Re: Proposal: Commit timestamp

From

Jan Wieck

Date:

09 February 2007, 07:36:14

On 2/7/2007 7:13 AM, José Orlando Pereira wrote:
> On Saturday 03 February 2007, Bruce Momjian wrote:
>> Jan Wieck wrote:
>> > I don't have any such paper and the proof of concept will be the
>> > implementation of the system. I do however see enough resistance against
>> > this proposal to withdraw the commit timestamp at this time. The new
>> > replication system will therefore require the installation of a patched,
>> > non-standard PostgreSQL version, compiled from sources cluster wide in
>> > order to be used. I am aware that this will dramatically reduce it's
>> > popularity but it is impossible to develop this essential feature as an
>> > external module.
>> >
>> > I thank everyone for their attention.
>>
>> Going and working on it on your own doesn't seem like the proper
>> solution.  I don't see people objecting to adding it, but they want it
>> work, which I am sure you want too.  You have to show how it will work
>> and convince others of that, and then you have a higher chance it will
>> work, and be in the PostgreSQL codebase.
> 
> Hi,
> 
> Would it be possible to solve the problem using the GORDA on-commit hook?
> 
> Jan would be able reliably obtain a commit timestamp with the desired 
> semantics and store it in a regular table within transaction boundaries.

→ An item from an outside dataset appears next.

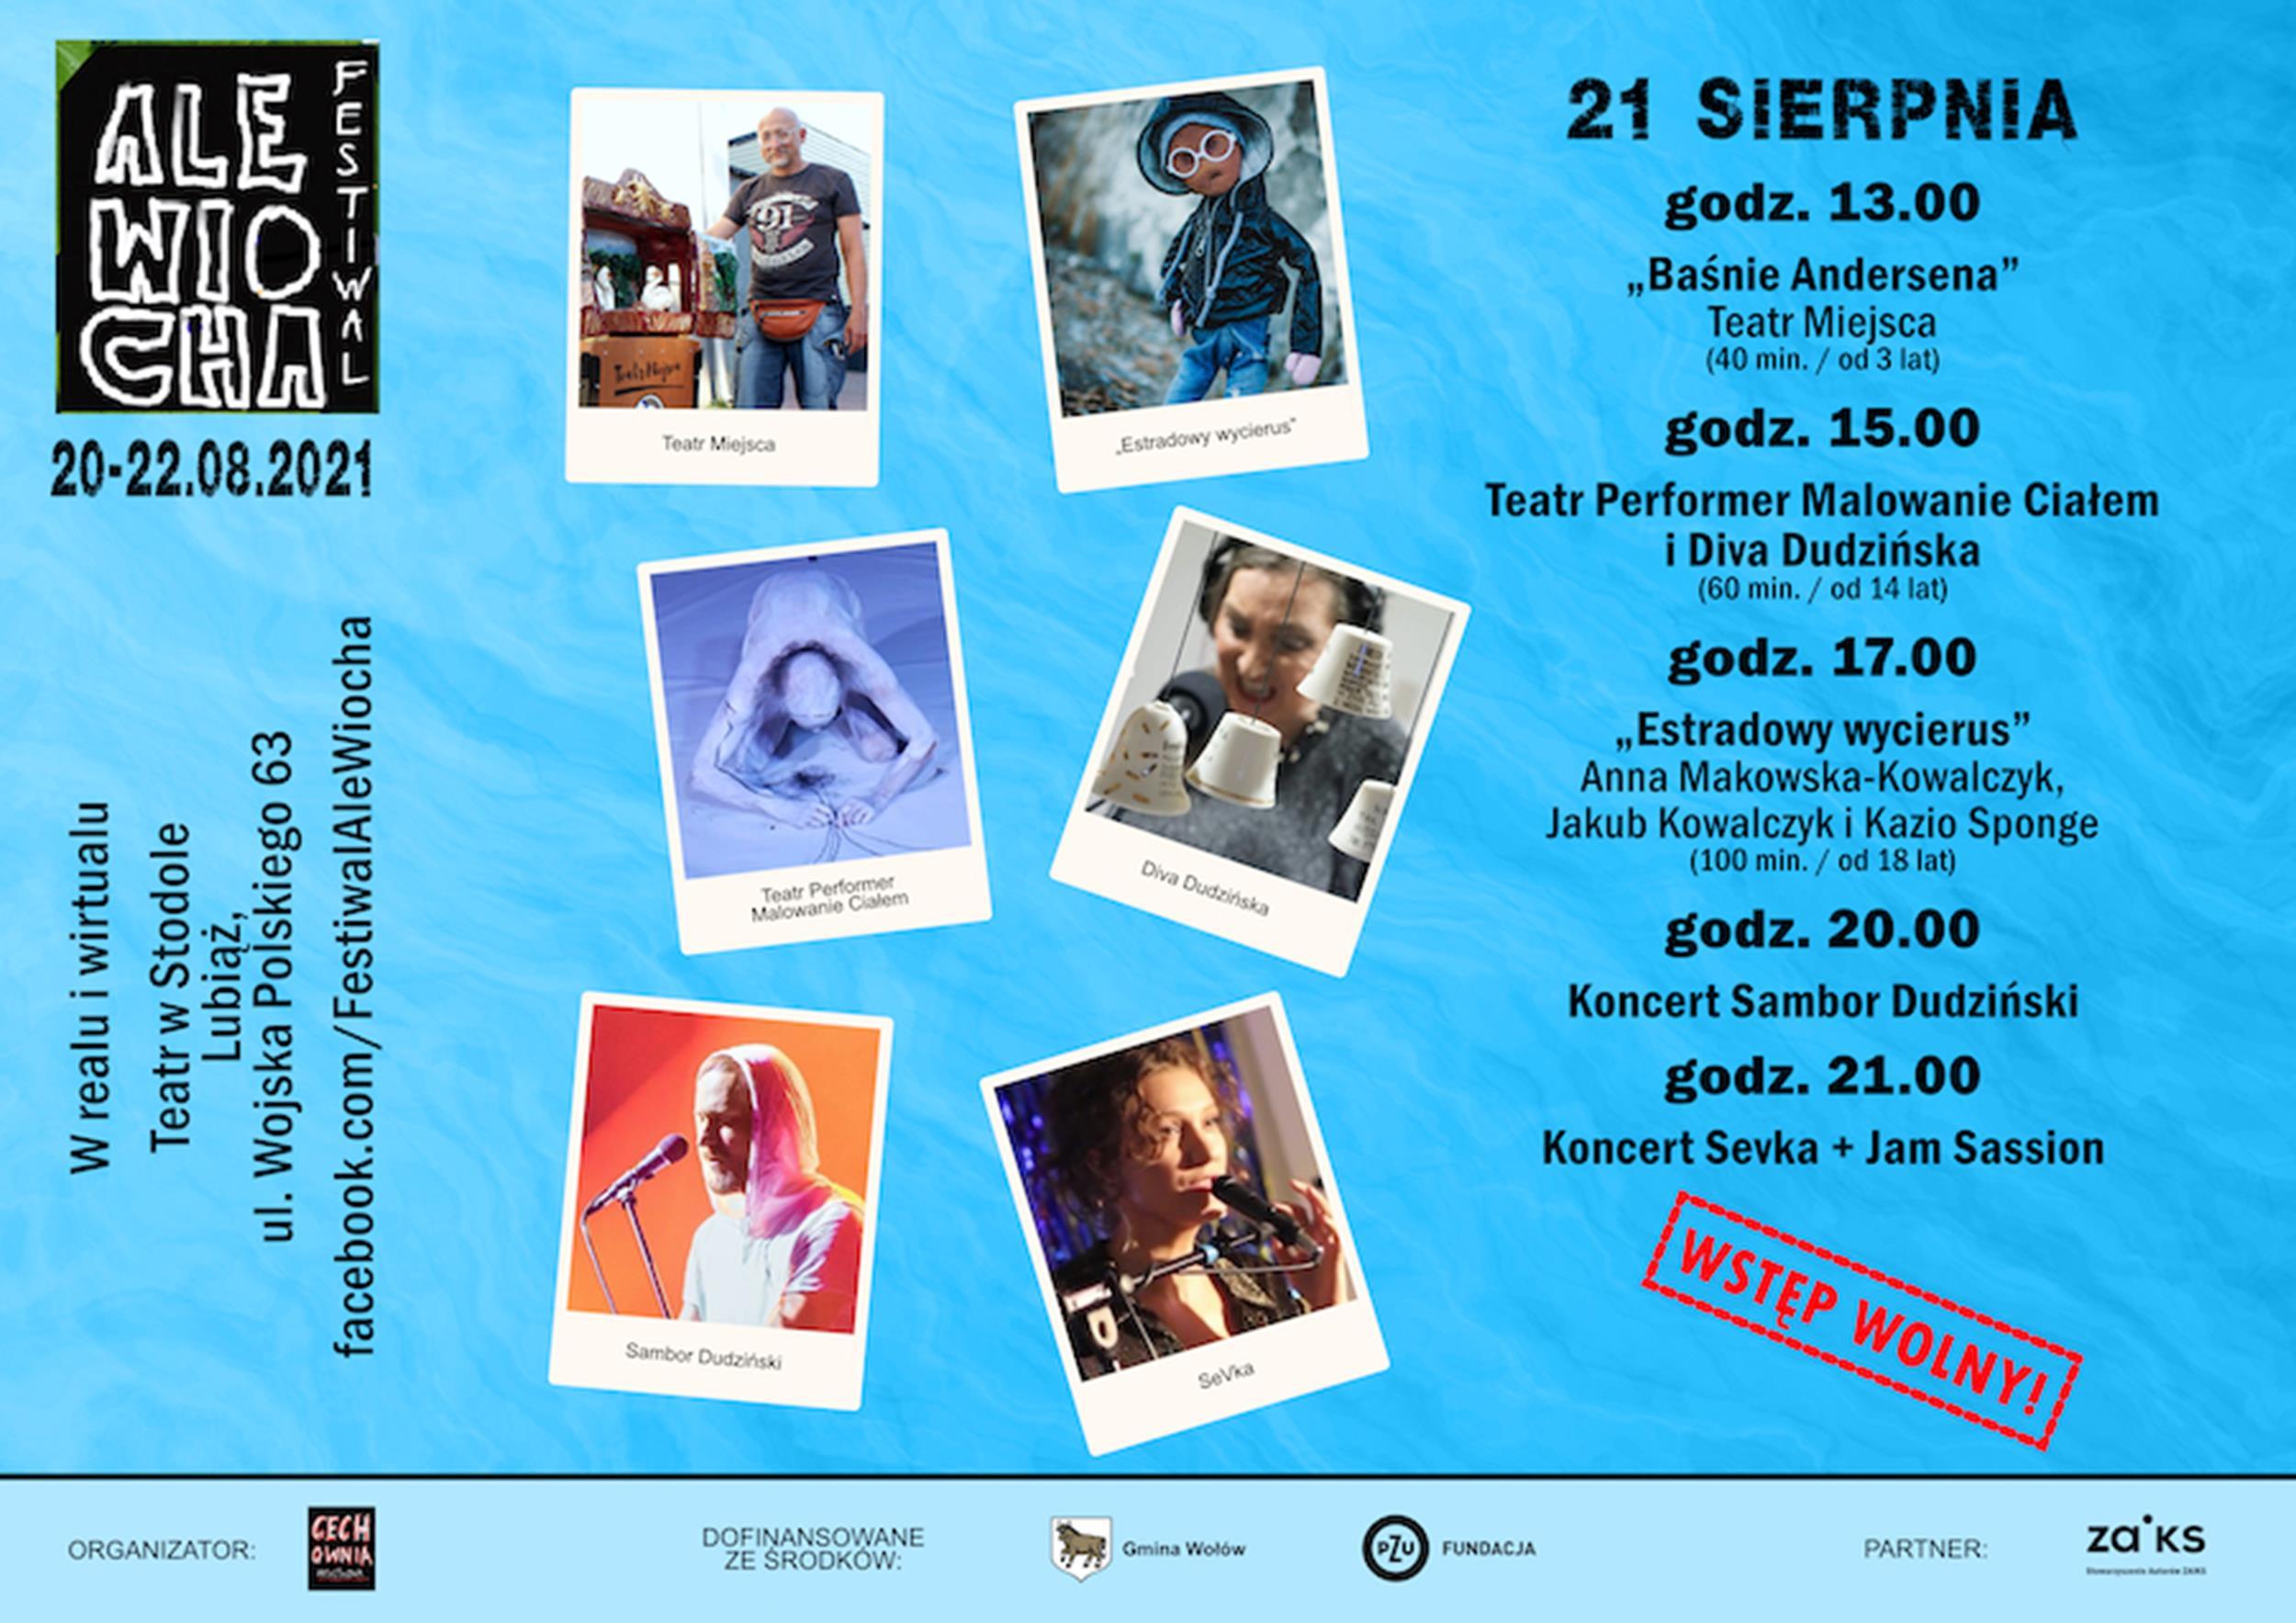 Festiwal Ale Wiocha 2021 Program (Dzień 2)
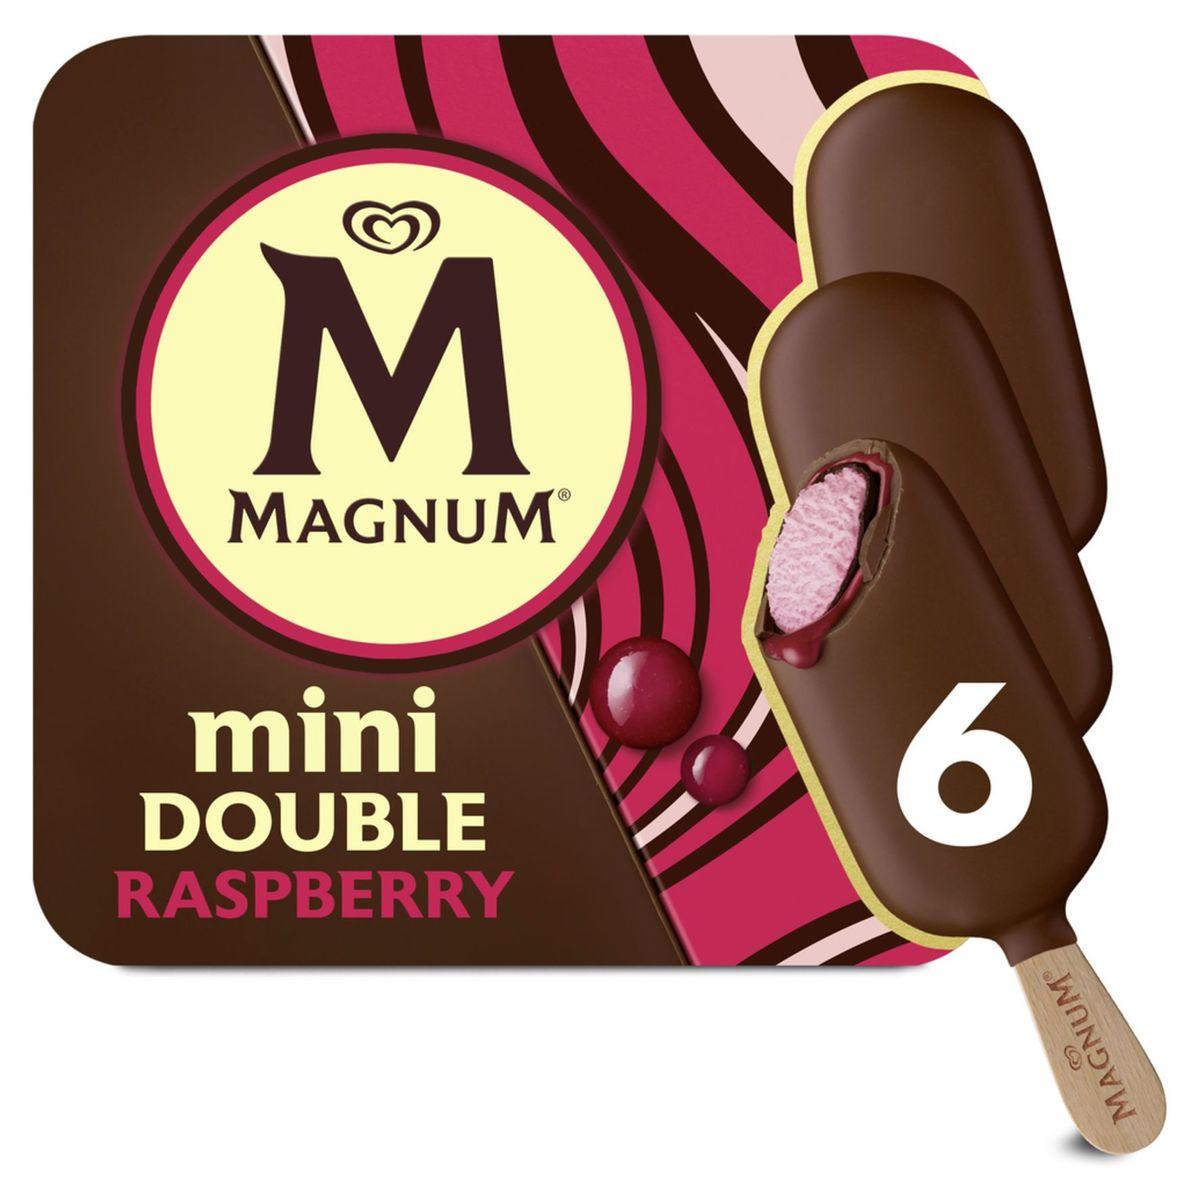 Magnum Ola Ijs Mulitpack Mini Double Raspberry 6 x 60 ml

I am not sure, I would have to look at what exactly that hook provides. 
The key to a Lamport timestamp is that it is advancing it commit order 
(plus some other things ... of course). If the hook can guarantee that 
the calls are made always in commit order, serialized without any race 
condition possible, it would probably be suitable.


Jan

> 
> PostgreSQL would not have to commit to a specific timestamp semantics and the 
> patch is quite small.
> 
> Regards,
> 


-- 
#======================================================================#
# It's easier to get forgiveness for being wrong than for being right. #
# Let's break this rule - forgive me.                                  #
#================================================== JanWieck@Yahoo.com #

Re: Proposal: Commit timestamp

From

Kris Jurka

Date:

09 February 2007, 07:49:06

Richard Troy wrote:

> It'd be great if Jan considers the blending of replication; any given DB
> instance shouldn't be only a master/originator or only a slave/subscriber.
> A solution that lets you blend replication strategies in a single db is,
> from my point of view, very important.
> 

Perhaps if more people read Jan's posts he wouldn't be so frustrated.

http://archives.postgresql.org/pgsql-hackers/2007-01/msg01302.php

He clearly describes that the master/slave setting is per session, not 
per database.

Kris Jurka

Re: Proposal: Commit timestamp

From

"J. Andrew Rogers"

Date:

09 February 2007, 09:10:34

On Feb 8, 2007, at 8:41 PM, Richard Troy wrote:
> It'd be great if Jan considers the blending of replication; any  
> given DB
> instance shouldn't be only a master/originator or only a slave/ 
> subscriber.
> A solution that lets you blend replication strategies in a single  
> db is,
> from my point of view, very important.

It might be constructive to define what a minimal "complete" set of  
replication primitives actually is in addition to which ones should  
be implemented.  In addition to master/slave models, you have Paxos  
algorithms and dynamic reconfiguration models in literature that can  
utilize many of the same primitives but which are very different in  
implementation.  I see the value of Jan's proposal, but perhaps it  
would be better to step back and make some assertions about the  
nature of the core capabilities that will be supported in some  
broader picture.  Having a theoretically (mostly) complete set of  
usable primitives would be an incredibly powerful feature set.

Cheers,

J. Andrew Rogers
jrogers@neopolitan.com

Re: Proposal: Commit timestamp

From

Richard Troy

Date:

09 February 2007, 15:09:22

On Fri, 9 Feb 2007, Jan Wieck wrote:
> > [ I wrote ]
> > It'd be great if Jan considers the blending of replication;
>
> Please elaborate. I would really like to get all you can contribute.

Thanks Jan,

prefaced that I really haven't read everything you've written on this (or
what other people are doing, either), and that I've got a terrible flu
right now (fever, etc), I'll give it a go - hopefully it's actually
helpful. To wit:

In general terms, "blending of replication [techniques]" means to me that
one can have a single database instance serve as a master and as a slave
(to use only one set of terminology), and as a multi-master, too, all
simultaneously, letting the DBA / Architect choose which portions serve
which roles (purposes). All replication features would respect the
boundaries of such choices automatically, as it's all blended.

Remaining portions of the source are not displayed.